Strain Name: C57BL/6NCya-Smn1tm1(hSMN2)/Cya

Genetic Background: C57BL/6NCya

Reproduction: Heterozygote x Heterozygote

One of Cyagen's HUGO-GT™ (Humanized Genomic Ortholog for Gene Therapy) Mouse Strains


Strain Description

Spinal muscular atrophy (SMA) is an autosomal recessive neurodegenerative disease characterized by the progressive loss of anterior horn motor neurons in the spinal cord, leading to muscle weakness and atrophy. This can affect the muscles that control breathing, crawling, walking, head and neck control, and swallowing, increasing the risk of pneumonia and respiratory infections in patients. SMA is the most common fatal neurogenetic disease in infancy, with an incidence rate of 1/6,000 to 1/10,000.
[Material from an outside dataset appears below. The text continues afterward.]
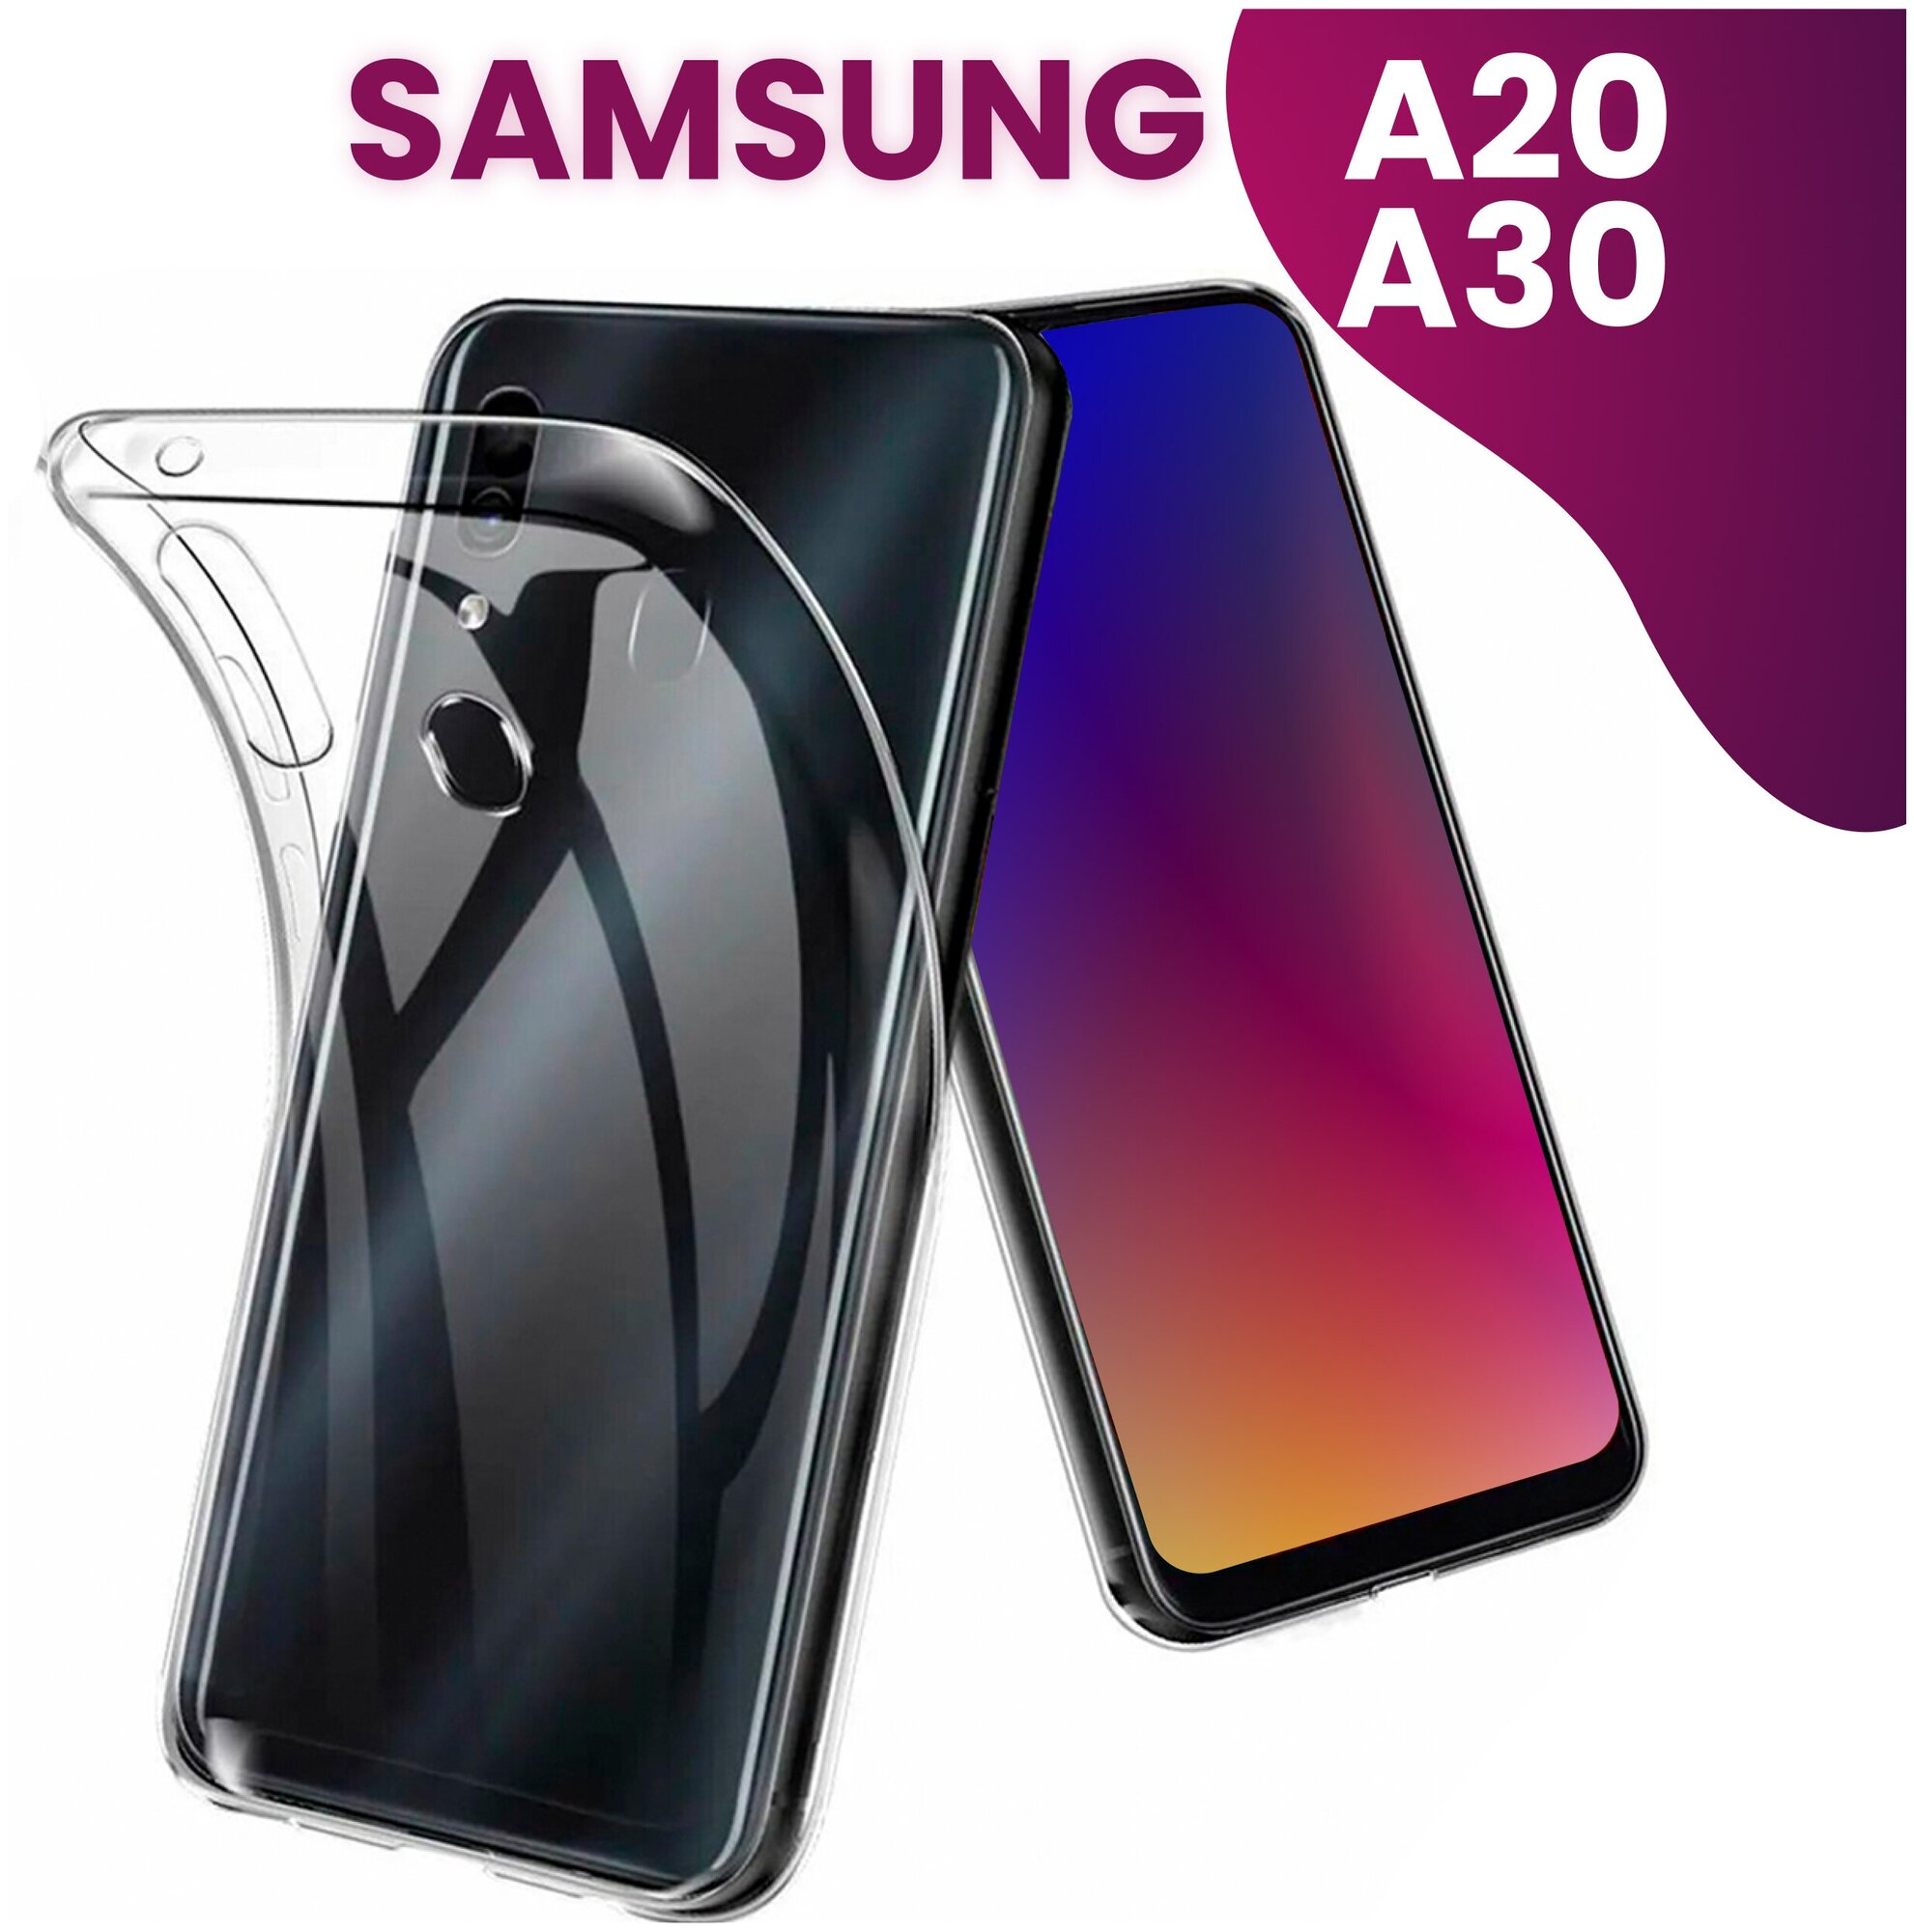 Ультратонкий силиконовый чехол для телефона Samsung Galaxy A20 и Samsung Galaxy A30 / Прозрачный защитный чехол для Самсунг Галакси А20 и А30
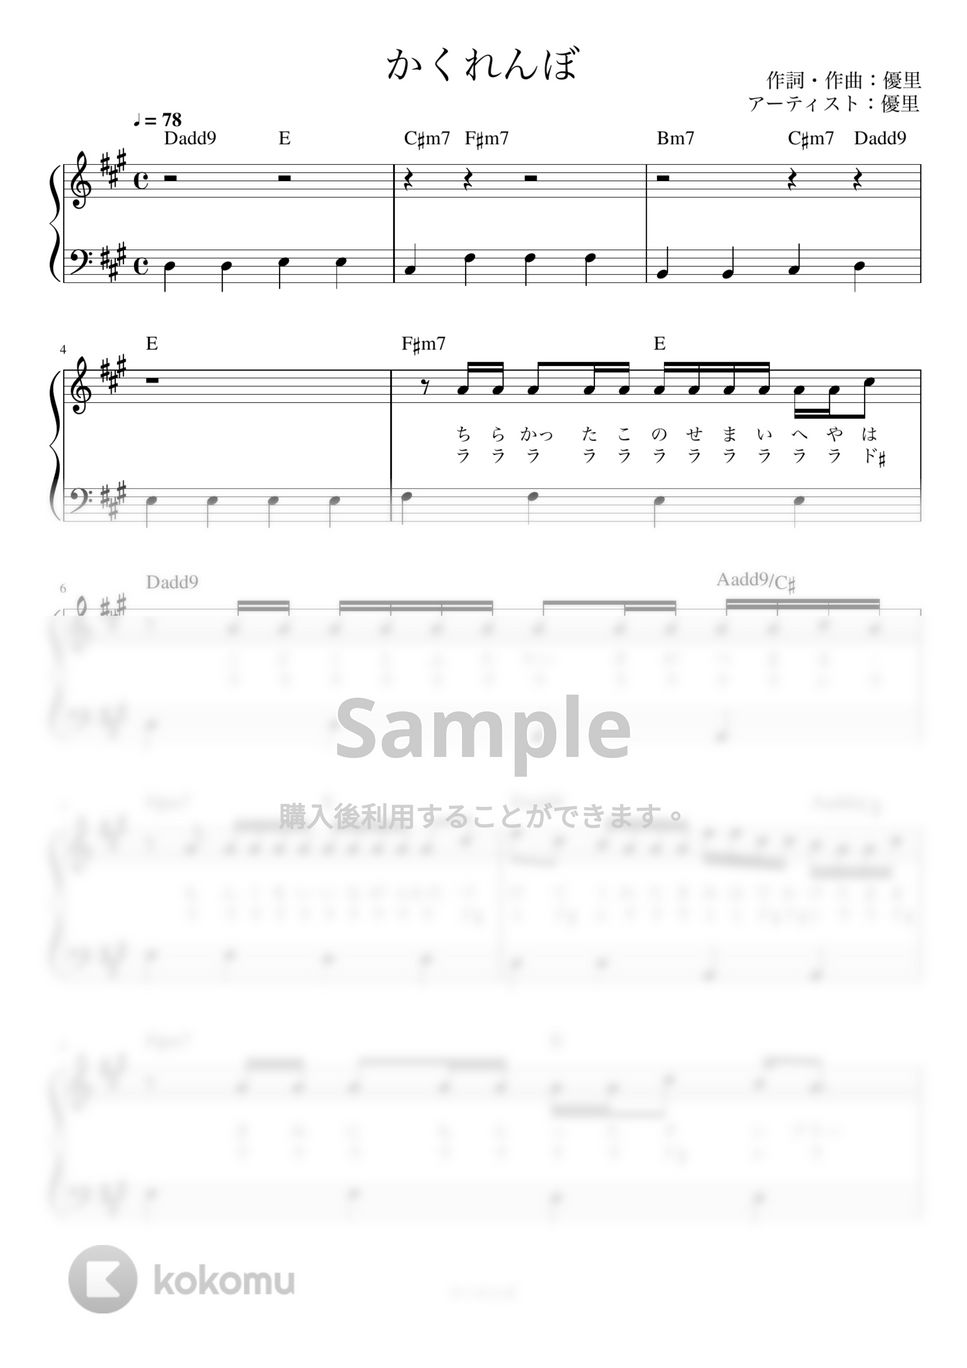 優里 - かくれんぼ (かんたん /  歌詞付き / ドレミ付き /  初心者) by piano.tokyo

SMA is caused by mutations in the SMN1 gene, which encodes a protein essential for motor neuron survival. The human genome also contains the SMN2 gene, which is highly homologous to SMN1 but differs in splicing patterns. A c.840C>T mutation in the splicing enhancer of exon 7 of SMN2 causes it to produce mostly truncated mRNA, which encodes a non-functional protein. Only a small portion of SMN2 mRNA, approximately 10%~15%, is spliced into full-length mRNA, which encodes functional protein [1]. Approximately 95% of SMA patients carry either the homozygous SMN1 exon 7 deletion mutation or homozygous mutation that converts SMN1 to SMN2, and the inability of SMN2 expression to compensate for the deletion of SMN proteins leads to disease. Mice are the most common preclinical experimental subjects for SMA, but they only have the Smn1 gene, and the deletion of both Smn1 alleles leads to lethality. Therefore, it is crucial to develop mouse models that can simulate human SMA pathogenesis and progression. Current therapies for SMA aim to supplement SMN1 genes or selectively regulate SMN2 splicing. Targeted therapy for SMN2 changes its splicing pattern to increase the expression of full-length SMN protein. The application of fully humanized animal models can help promote the further translation of potential SMA-related therapies into clinical trials.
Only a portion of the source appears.